Keterlibatan Sholeh Iskandar sendiri dengan dunia kemiliteran sesungguhnya bermula sejak masa menjadi santri. Ia pertama kali mengikuti pelatihan laskar secara intensif saat bergabung dengan Barisan Islam Indonesia (BII). Kesatuan itu dibentuk pada 1939 sebagai anak organisasi al-Ittihadiyatul Islamiyah (AII). Pemimpinnya adalah guru Sholeh Iskandar di Ponpes Cantayan, yakni KH Ahmad Sanusi.
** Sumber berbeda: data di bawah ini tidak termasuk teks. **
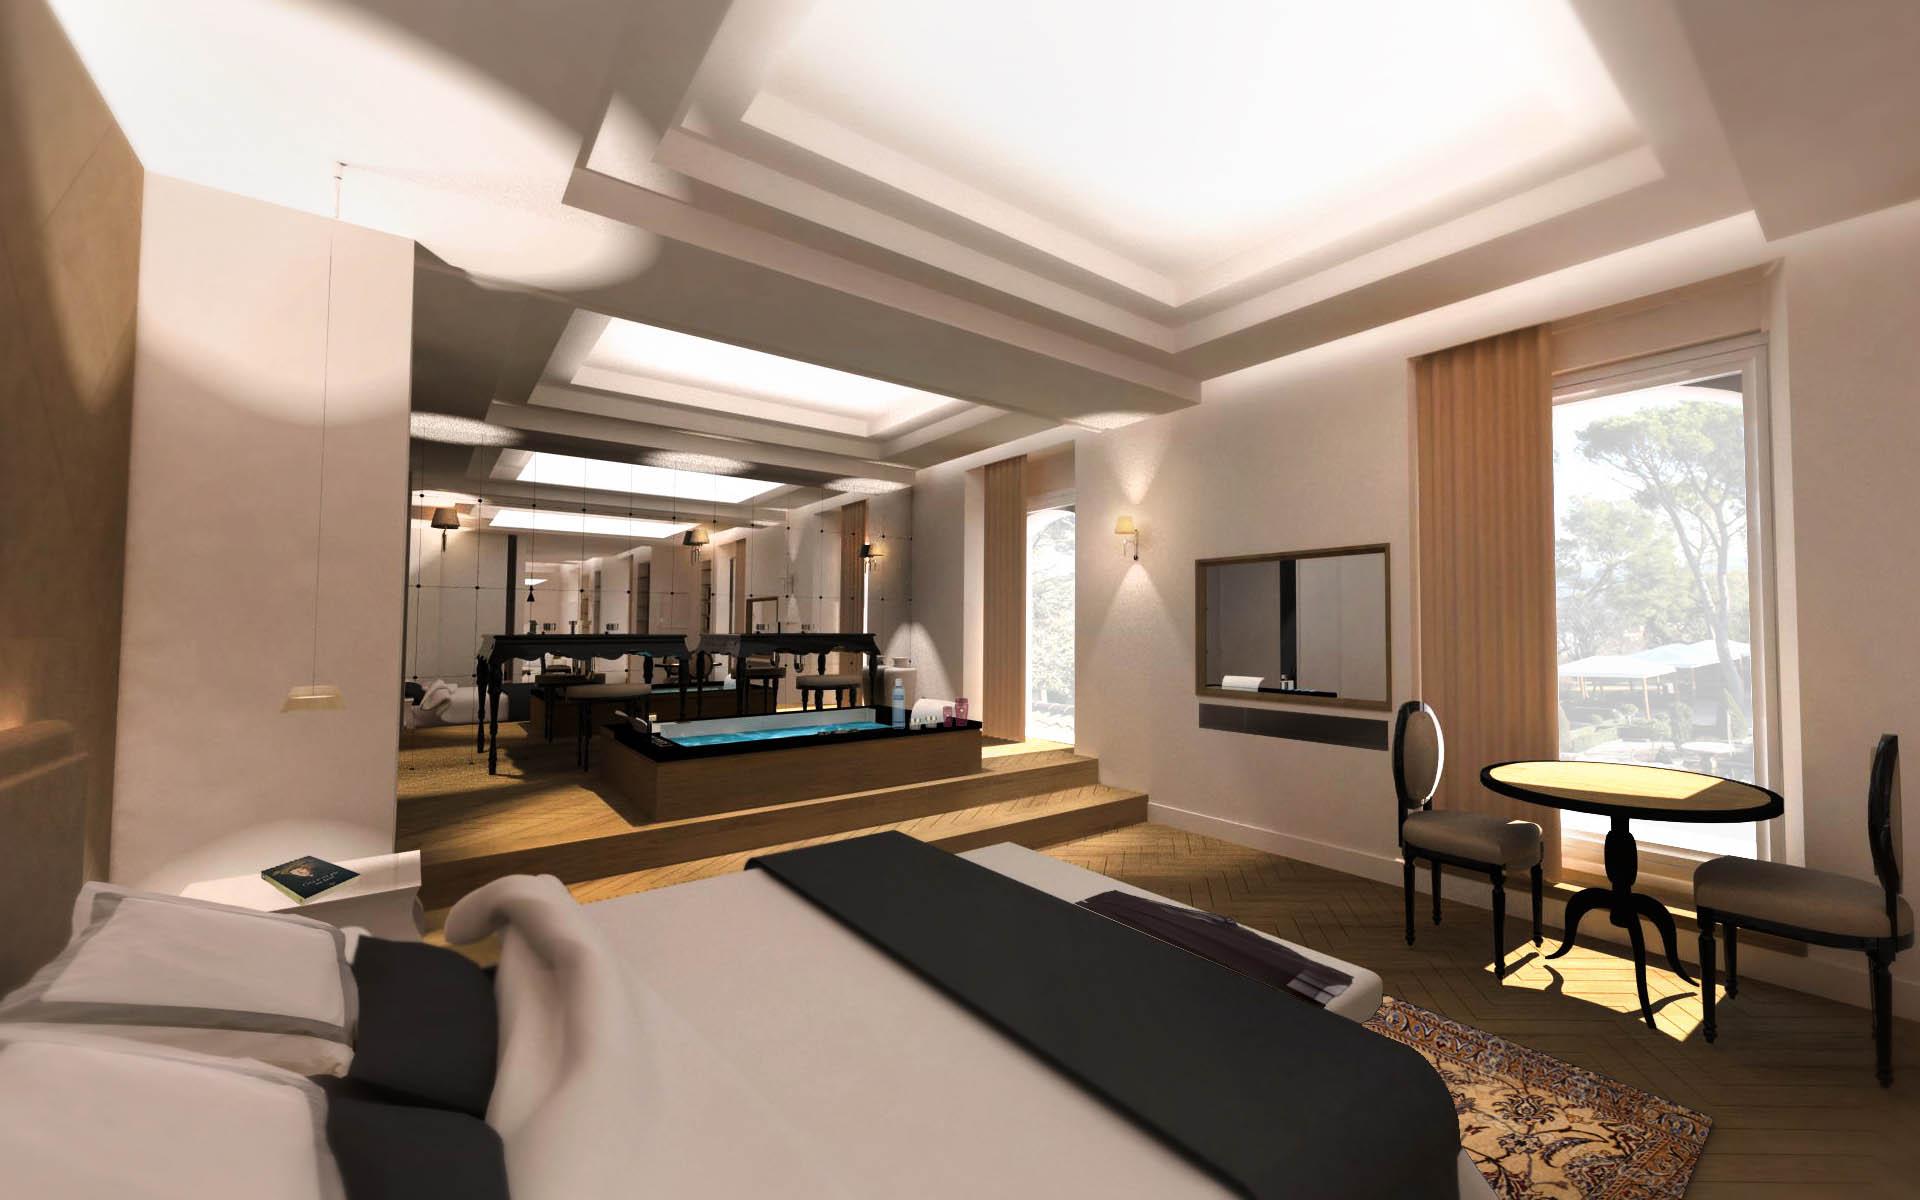 Architecte intérieur Hotel - Aix en provence 22

Pada masa revolusi, Sholeh Iskandar turut dalam pelbagai gerilya untuk mematahkan kekuatan militer musuh. Pada Oktober 1945, ia memimpin Laskar Rakyat Leuwiliang untuk menyergap dan melucuti belasan tentara Jepang di Kracak. Berbagai logistik dan persenjataan pun dapat mereka amankan dari kawasan perkebunan Nirmala Nanggung.
Ia juga mengatur perlawanan terhadap pasukan Inggris dan Belanda yang berpatroli di daerah Ciseeng, Parung, dan Depok, pada masa menjelang Perjanjian Renville. Laskar pimpinan Kiai Sholeh Iskandar juga beberapa kali menyerbu markas pasukan NICA, termasuk yang berada di Kotaparis Bogor dan Loji Sindangbarang. Saat memimpin Batalyon Perjuangan (Baperdju) di Cigudeg, timnya berhasil mengamankan Desa Nanggung dan Desa Karacak Leuwiliang.
Ia (Kiai Sholeh Iskandar) juga mengatur perlawanan terhadap pasukan Inggris dan Belanda yang berpatroli di daerah Ciseeng, Parung, dan Depok.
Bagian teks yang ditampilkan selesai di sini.